Dengan tulus, Agnes mengubah resepsionis menjadi musala, rumah ibadah yang tidak diimaninya. Meski demikian, ia percaya bahwa rumah ibadah apa pun akan membawa keberkahan dan kedamaian bagi dirinya dan lingkungan sekitar.
Belajar Memaafkan
Beragam cerita tidak mengenakkan tentang para tamu yang pernah menginap di penginapan Grha Vege Jawi Syariah, misalnya salah satu pasangan suami istri yang menyewa penginapan selama hampir dua bulan namun tidak membayar tagihan yang mencapai jutaan rupiah, dan akhirnya diikhlaskan oleh Agnes.
Agnes juga menambahkan bahwa ia menghadapi berbagai macam perilaku dari tamu-tamunya, termasuk ketika ia lupa mengembalikan uang tamu sebesar 1.000 rupiah, dan tamu tersebut memberikan ulasan buruk di aplikasi.
Suatu ketika, ia memergoki salah satu pasangan tidak sah dan mengembalikan uang mereka saat mereka hendak check-in.
“Uang itu belum saya terima, semua di sistem,” ujar Agnes.
Namun, pasangan muda-mudi tersebut tetap meminta uang mereka dikembalikan.
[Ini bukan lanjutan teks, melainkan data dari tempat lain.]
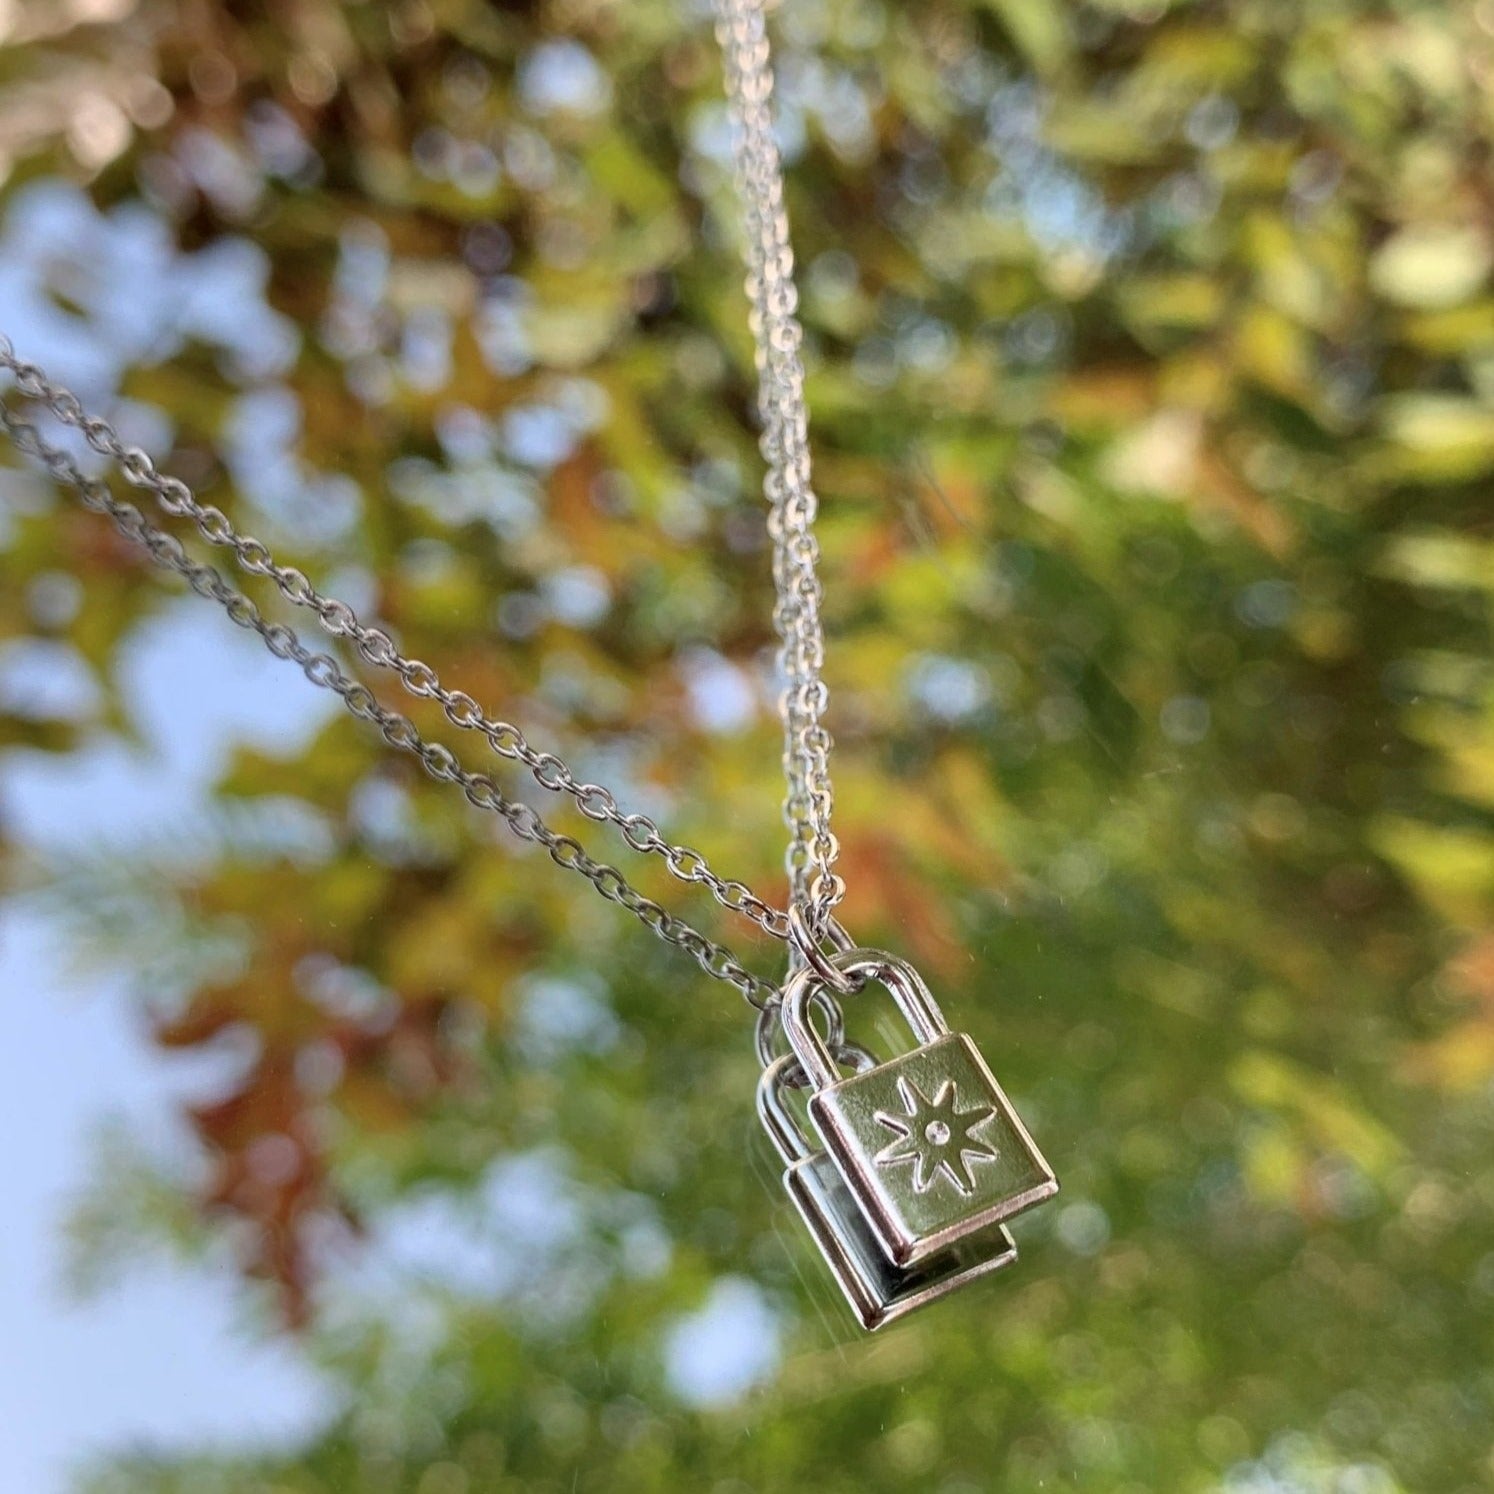 Dainty Silver Lock Star Pendant Necklace For Women - Boutique Wear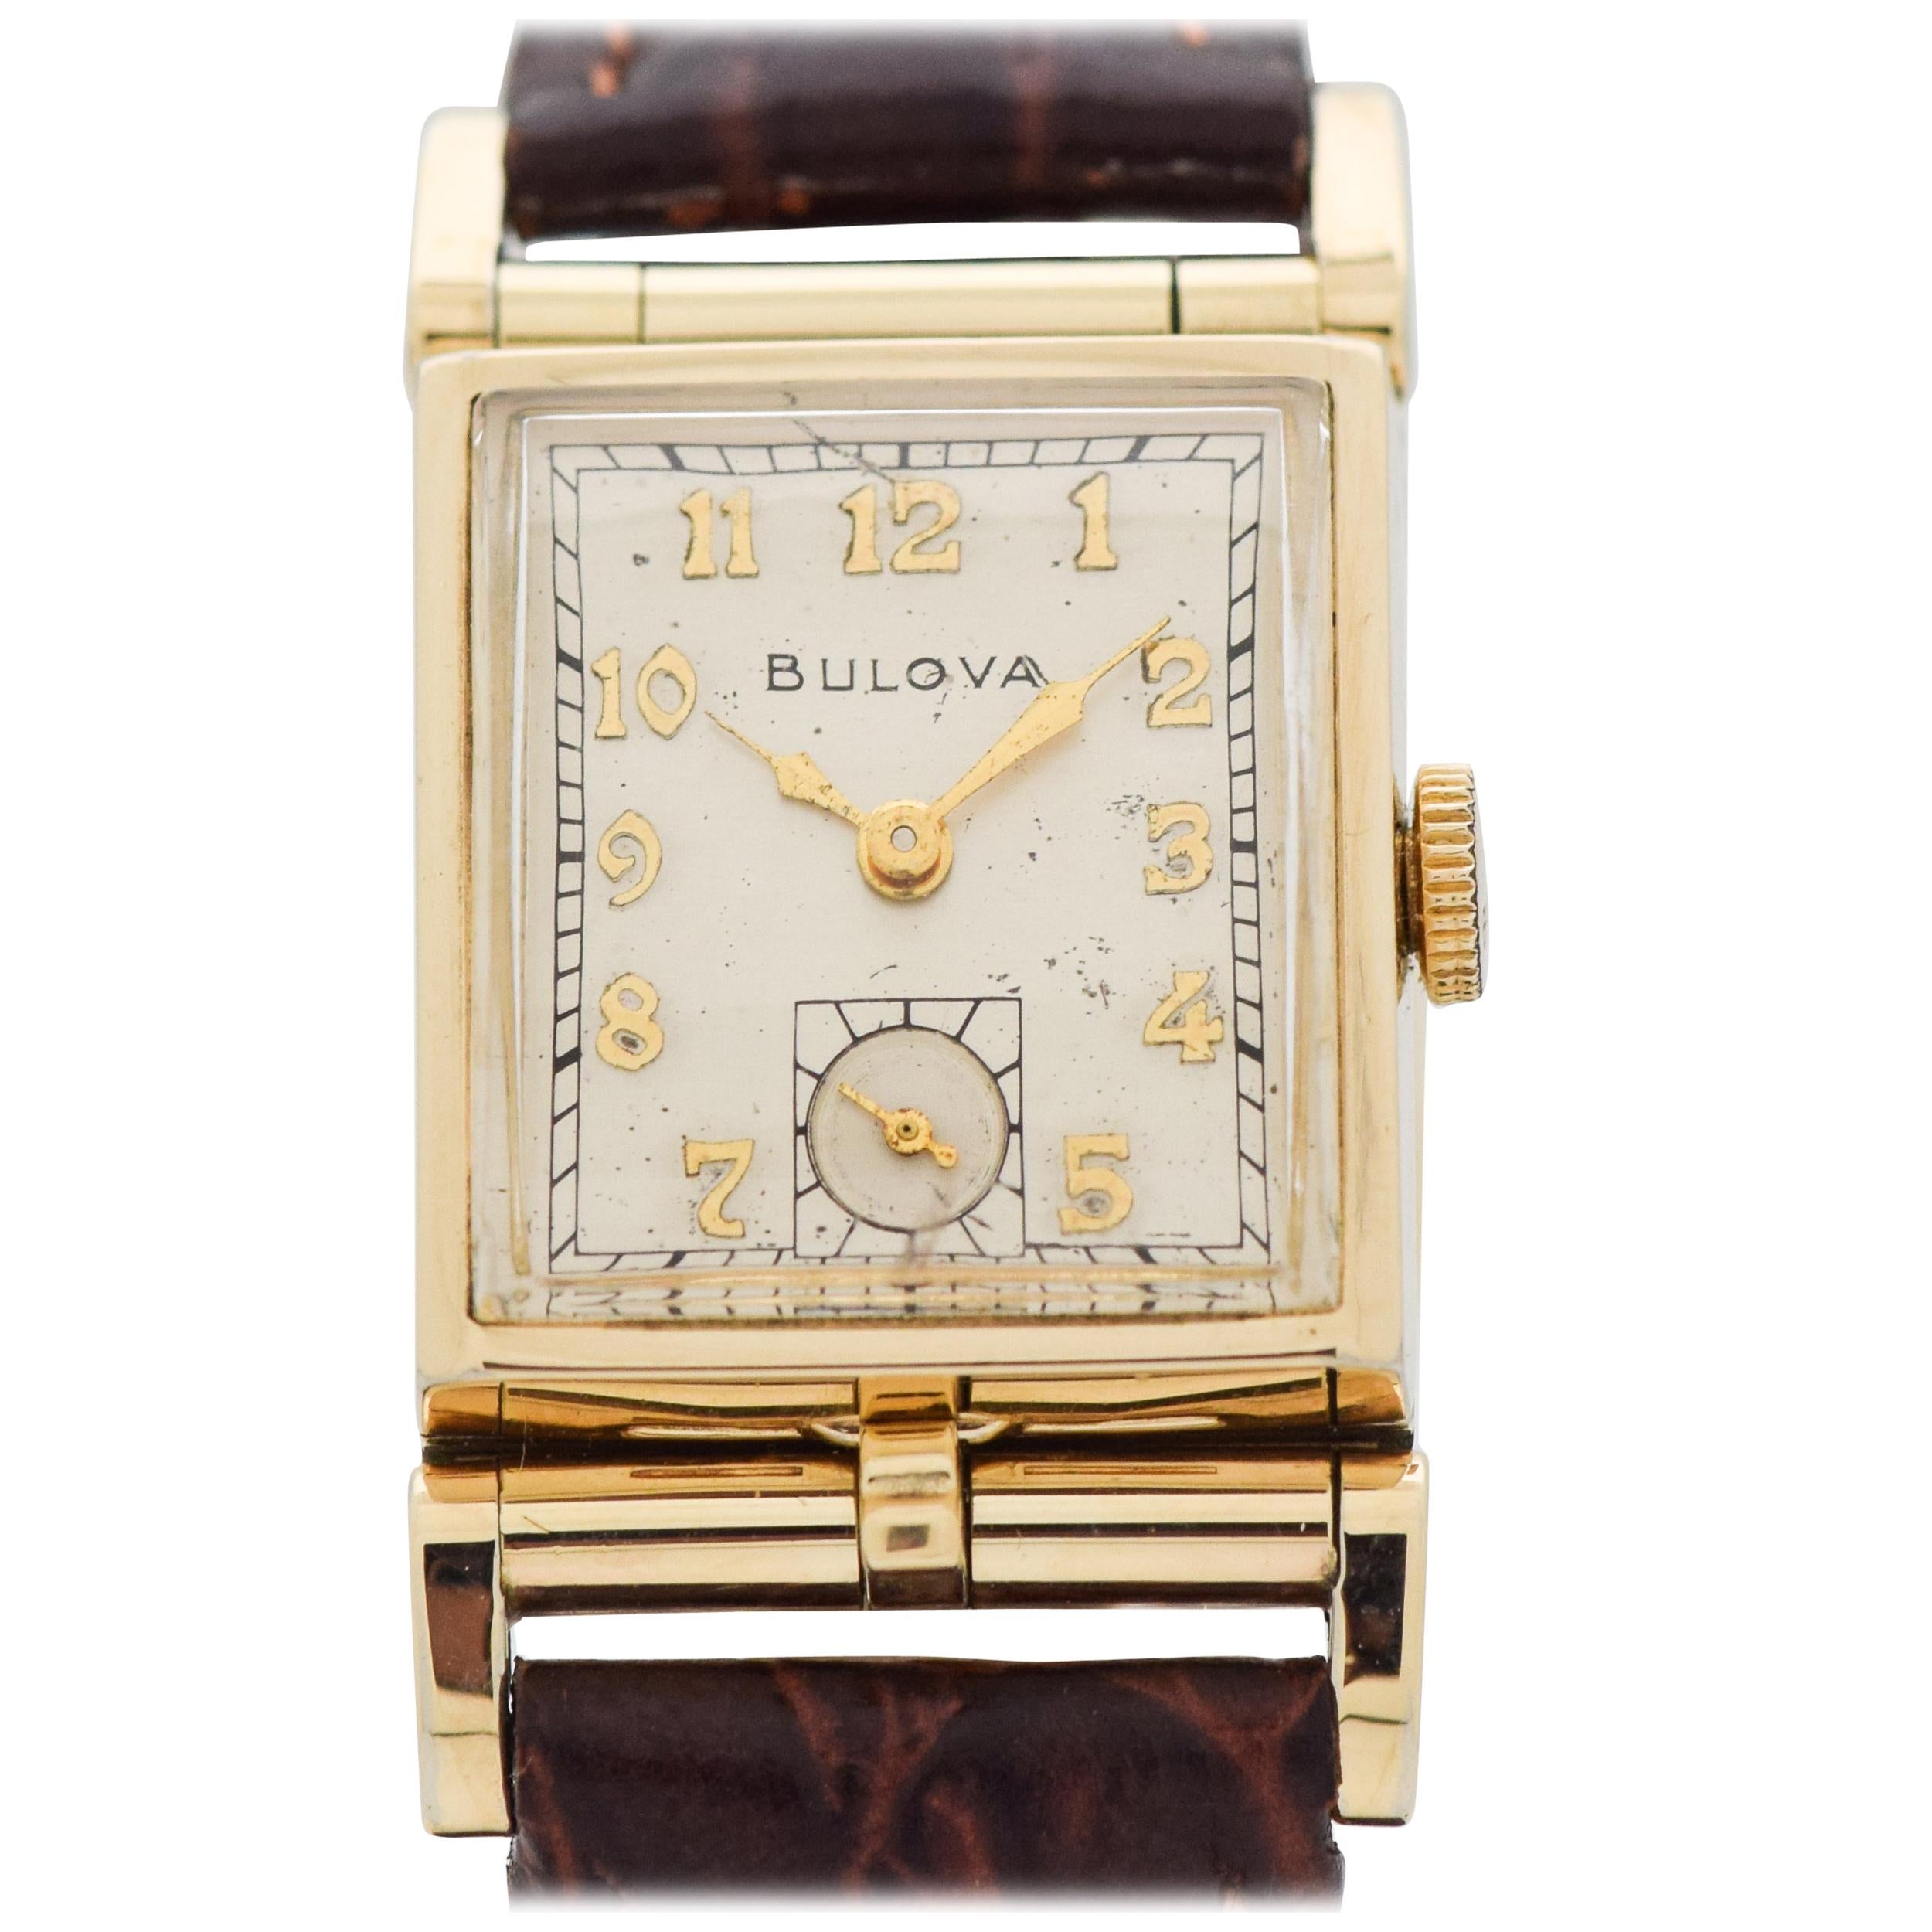 Vintage Bulova Rectangular-Shaped Watch, 1950

“Baiklah,” kata Agnes, “saya kembalikan, meskipun uangnya di sistem (platform booking online) belum dicairkan.”
Agnes berpikir, “Saya akan mendapatkannya kembali besok meski dipotong 20%.”
Ternyata, perempuan dalam pasangan tersebut juga meminta refund melalui sistem, padahal dia sudah mendapatkan pengembalian uang tunai dari Agnes.
Bagaimana Agnes bisa mengatasi pelanggan yang menjengkelkan dan melewati masa-masa sulit tersebut?
Untuk menjawab pertanyaan ini, Agnes mengaku sudah terbiasa ‘jajan rohani’ lintas iman. Jadi, siapa pun dari latar belakang agama apa pun yang menyakitinya, Agnes tetap menghormati mereka.
“Saya menghormati Allah yang ada di hatinya,” tutur Agnes. “Meskipun dia berbuat yang menyakiti hati saya, saya percaya Allah ada di hatinya.”
“Setiap orang yang masuk ke sini, bagi saya, itu tamu Allah.”
Dengan bijaksana, ia menambahkan, “Allah itu tak terbatas; kita manusia yang sering mengkotak-kotakkan diri.”
Sinar matahari mulai terasa hangat di kulit, pertanda waktu yang semakin siang. Dengan berat hati, saya pamit undur diri. Bincang inspiratif bersama Agnes hari ini sungguh membuka mata saya.
Jika semua penganut agama seperti Agnes yang penyayang, hidup kita akan jadi riang. Jika semua umat manusia seperti Agnes yang ‘berbudi Islami’, maka kehidupan bangsa kita akan bebas dari iri dengki dan caci maki.